What this shows is that Scrubs, ABC and television are all in kind of a weird position. Scrubs is not a true hit show and never has been, but it always does just well enough with a demographically-desirable audience that it’s in a network’s interest to keep it around (or at least the network that owns it, ABC; NBC dropped it because there’s not as much in it for them). In the past, when a show had run this long and had ratings comparable to Scrubs‘, a massive re-tool was obviously a desperation move, and changing the title was the best idea for one of two reasons. Either the parent show’s ratings were sinking so badly that it was a good idea to make it clear that this was a different show — potentially pulling in those who hadn’t watched the original — or the producers wanted to change the title for fear of damaging the brand of the original. (The Golden Girls would suffer in syndication if the Golden Palace episodes were part of the package.) But ABC doesn’t expect Scrubs to get good ratings, just good enough to fill a spot while they’re looking for new comedies; it’s a very old, effective utility player. And as Lawrence mentions in the interview, its syndication shelf life isn’t huge, so the issue of the re-tooled episodes hurting the brand isn’t really that important.

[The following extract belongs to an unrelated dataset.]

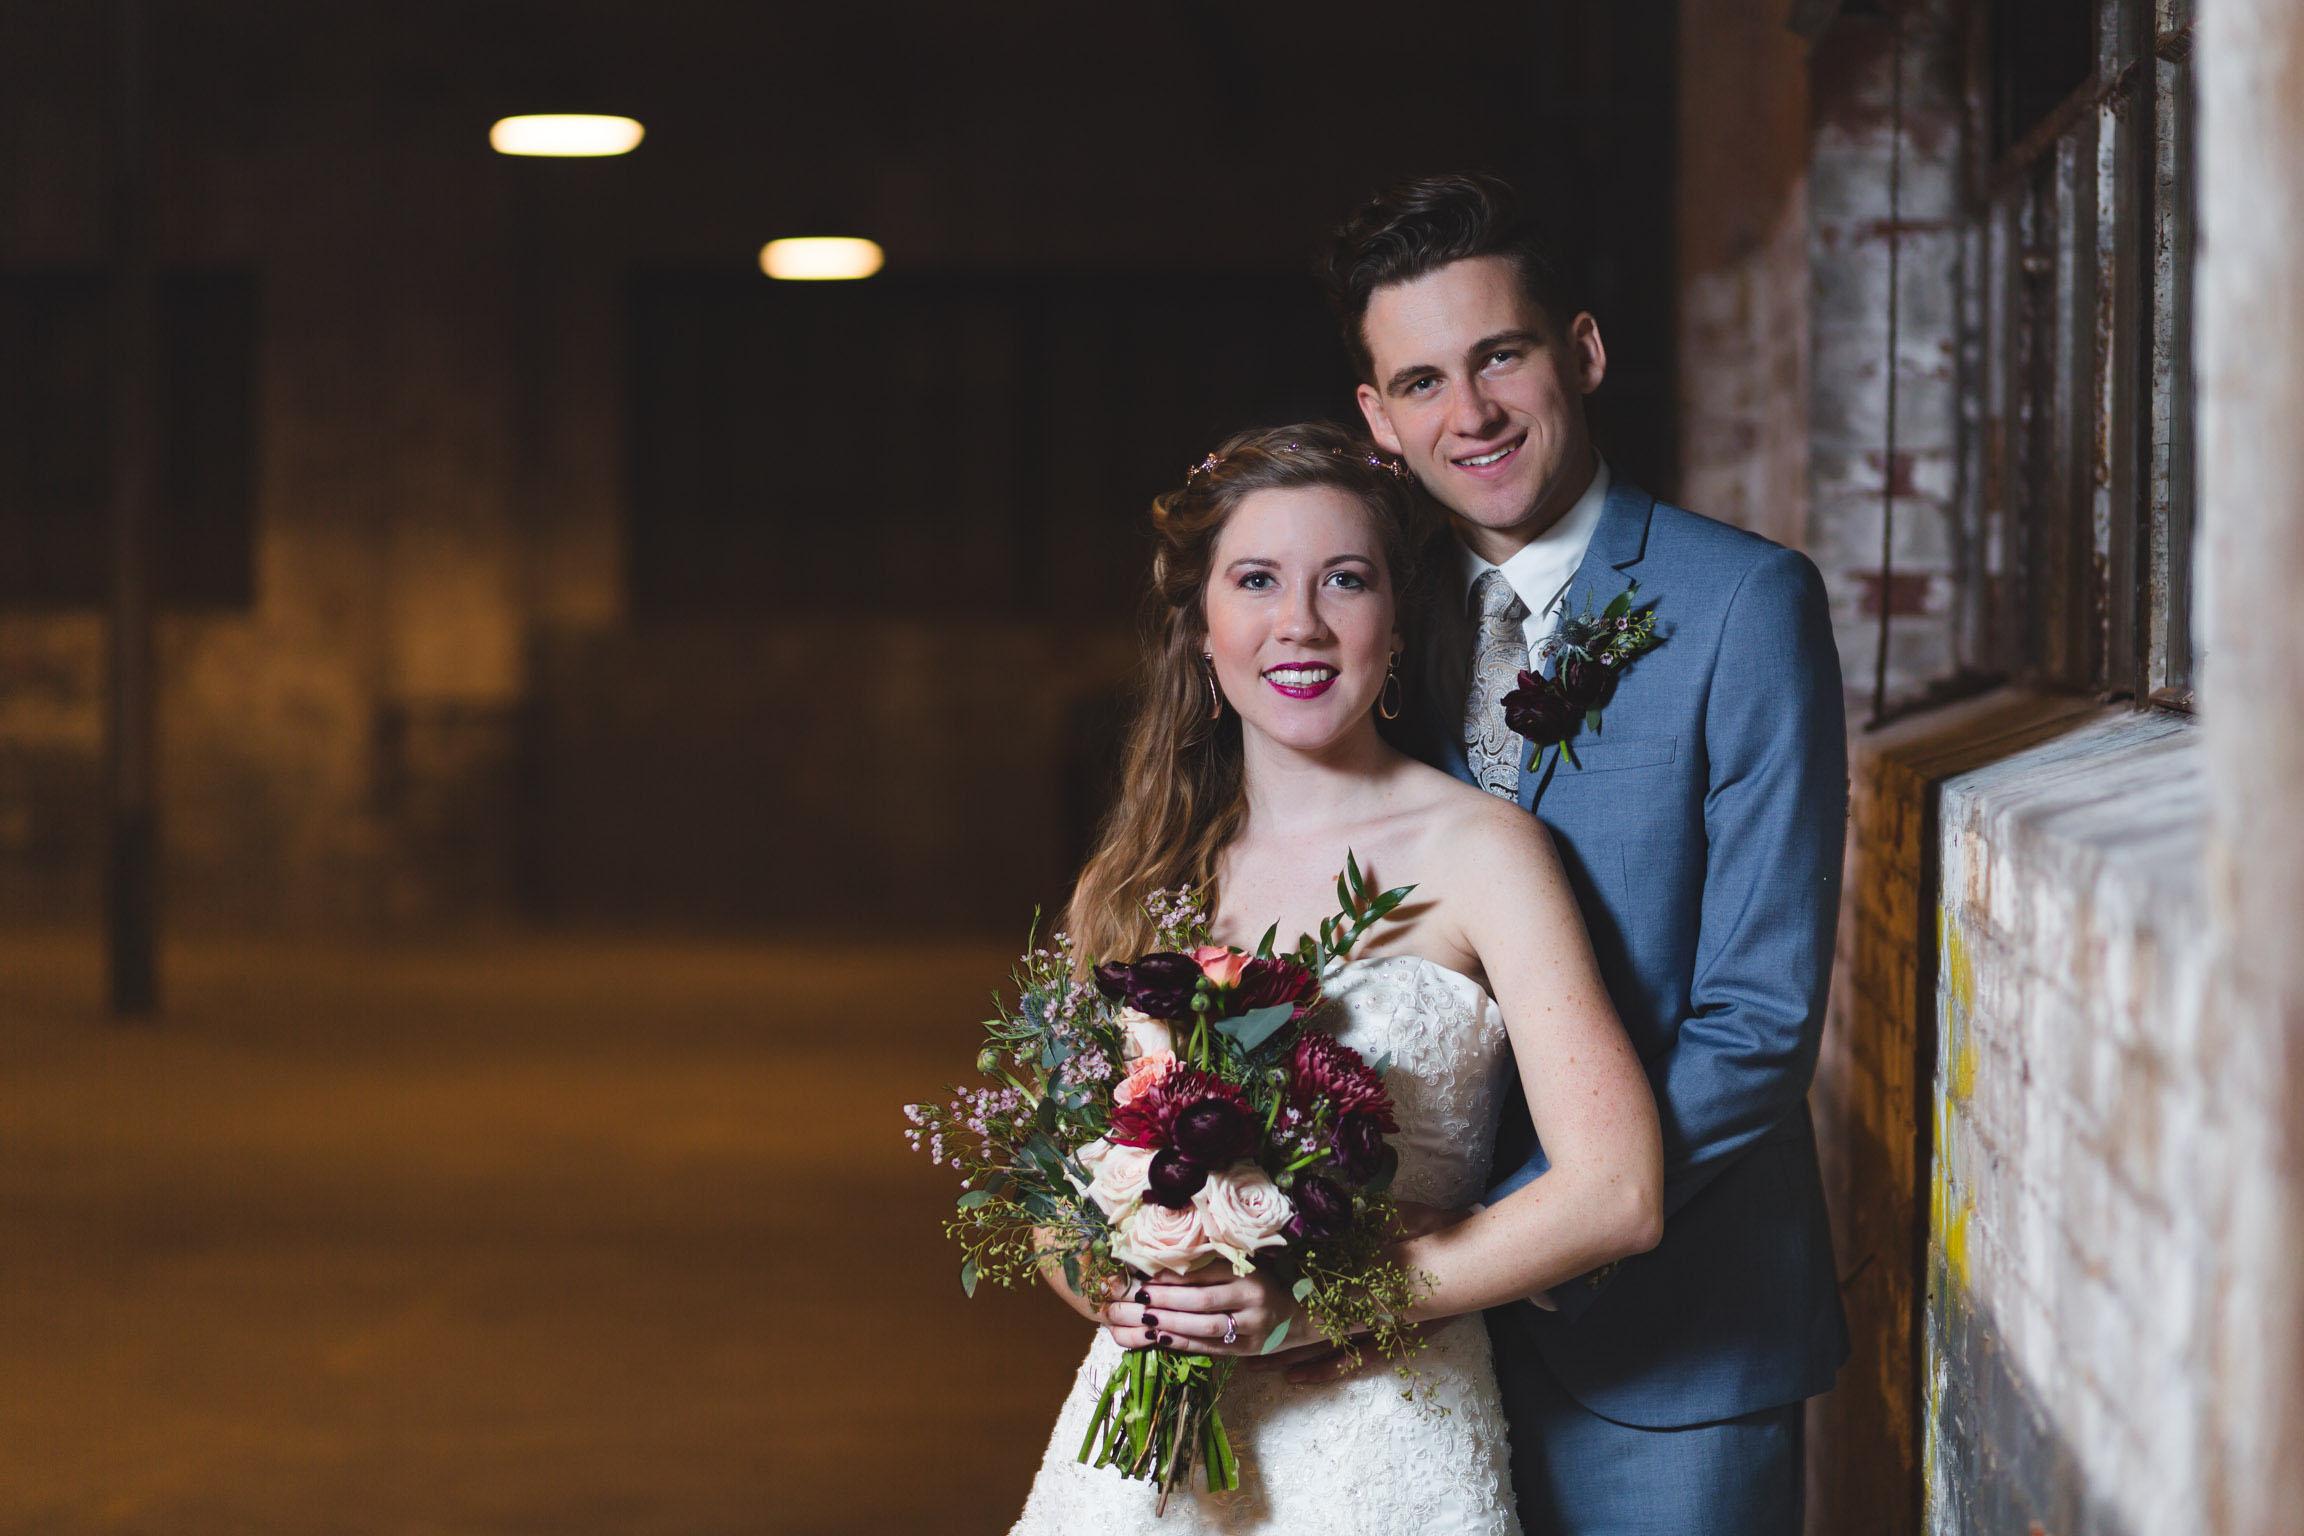 Adam-Szrmack-The-Glass-Factory-Wedding-123.jpg

Or at least, the damage that this season could do to the Scrubs brand is not as important as the short-term boost ABC can get from the reliable if unspectacular Scrubs brand. Fifteen years ago, Scrubs‘ performance would make it a struggling show that the network would only bring back if it pretended to be some other show. But by current standards, its performance is good enough that the network has an interest in pretending it’s still Scrubs, when it really isn’t.